Debugging "fatal: morestack on gsignal"

625 views
Skip to first unread message

varun...@gmail.com

unread,
Sep 1, 2021, 5:14:52 AM9/1/21
to golang-nuts
Hello,

Recently we have been seeing multiple occurrences of "fatal: morestack on gsignal" error in our system tests. The issue happens with golang 1.13.7 and golang 1.16.5 runtimes. The process restarts after this error and no stack trace is dumped. Our process uses CGO calls, I/O ops etc.

So far, the issue seem to happen only on CentOS7 with linux kernel version: 3.10.0-1127.19.1.el7.x86_64. The issue is not seen on: 3.10.0-693.5.2.el7.x86_64

At this point, we have no clue as to why this is happening and no stack trace is making it difficult to debug. Any pointers on debugging the issue would be of great help.

Thanks,
Varun

varun...@gmail.com

unread,
Sep 9, 2021, 7:14:42 AM9/9/21
to golang-nuts
Minor update:

a. The crash with "morestack on gsignal" happens to be independent of the kernel versions mentioned earlier
b. We implemented a signal handler to catch SIGSEGV from CGO. That is not helping either
c. From system audit logs, we can see the following message:

./audit/audit.log.2:22944:type=ANOM_ABEND msg=audit(1630376735.155:5486532): auid=4294967295 uid=996 gid=994 ses=4294967295 subj=system_u:system_r:unconfined_service_t:s0 pid=26422 comm="indexer" reason="memory violation" sig=5

Sig=5 is SIGTRAP. At this point, we suspect there is a SIGSEGV in CGO layer and that is being returned as SIGTRAP by runtime. 
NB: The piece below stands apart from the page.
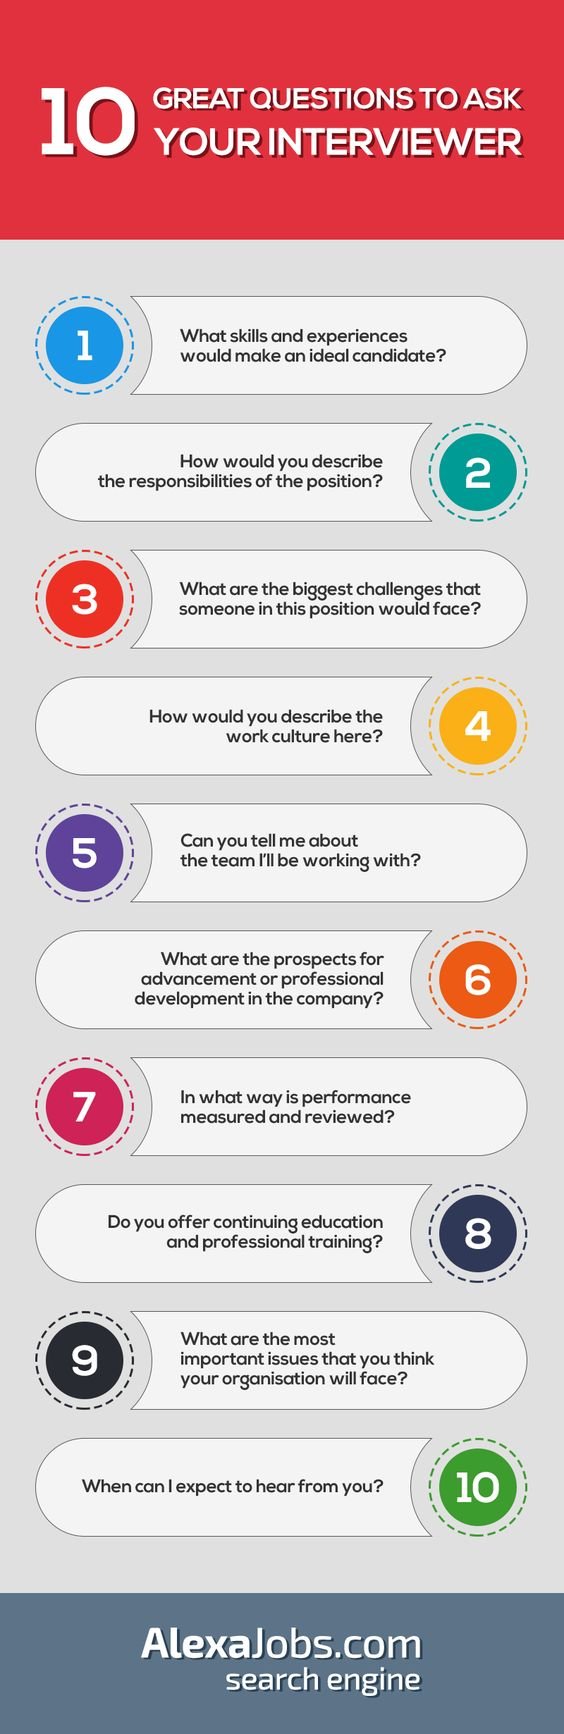 10 great questions to ask your interviewer

I am still clueless as to why a process can crash with "morestack on gsignal".  Any pointers to debug this further would be of great help.

Thanks,
Varun

Kurtis Rader

unread,
Sep 9, 2021, 10:37:00 AM9/9/21
to varun...@gmail.com, golang-nuts
Googling "go morestack on gsignal" turns up quite a few reports. Some of which involved kernel bugs (e.g., https://github.com/golang/go/issues/19652) but most seem to involve SIGSEGV errors in non-kernel code; sometimes the Go runtime or stdlib (e.g., https://github.com/golang/go/issues/35235) and sometimes user code. Given that you're using CGO a likely explanation is a bug in your C code. However, you say you're using Go 1.13.7 which is getting long in the tooth. Are you sure you're seeing the same failure with Go 1.16.5? If yes then I would bet the bug is in your C code. If no then it could be a Go bug that has likely already been fixed.

--
You received this message because you are subscribed to the Google Groups "golang-nuts" group.
To unsubscribe from this group and stop receiving emails from it, send an email to golang-nuts...@googlegroups.com.
To view this discussion on the web visit https://groups.google.com/d/msgid/golang-nuts/9f36ab30-3222-4eed-8388-93ecd259bf55n%40googlegroups.com.


--
Kurtis Rader
Caretaker of the exceptional canines Junior and Hank

varun...@gmail.com

unread,
Sep 9, 2021, 11:28:38 AM9/9/21
to golang-nuts
@Kurtis, Thanks for the reply.

Yes. We upgraded to 1.16.5 due to this issue and had to revert back to 1.13.7 (over earlier working version) as we are frequently seeing these errors in 1.16.5.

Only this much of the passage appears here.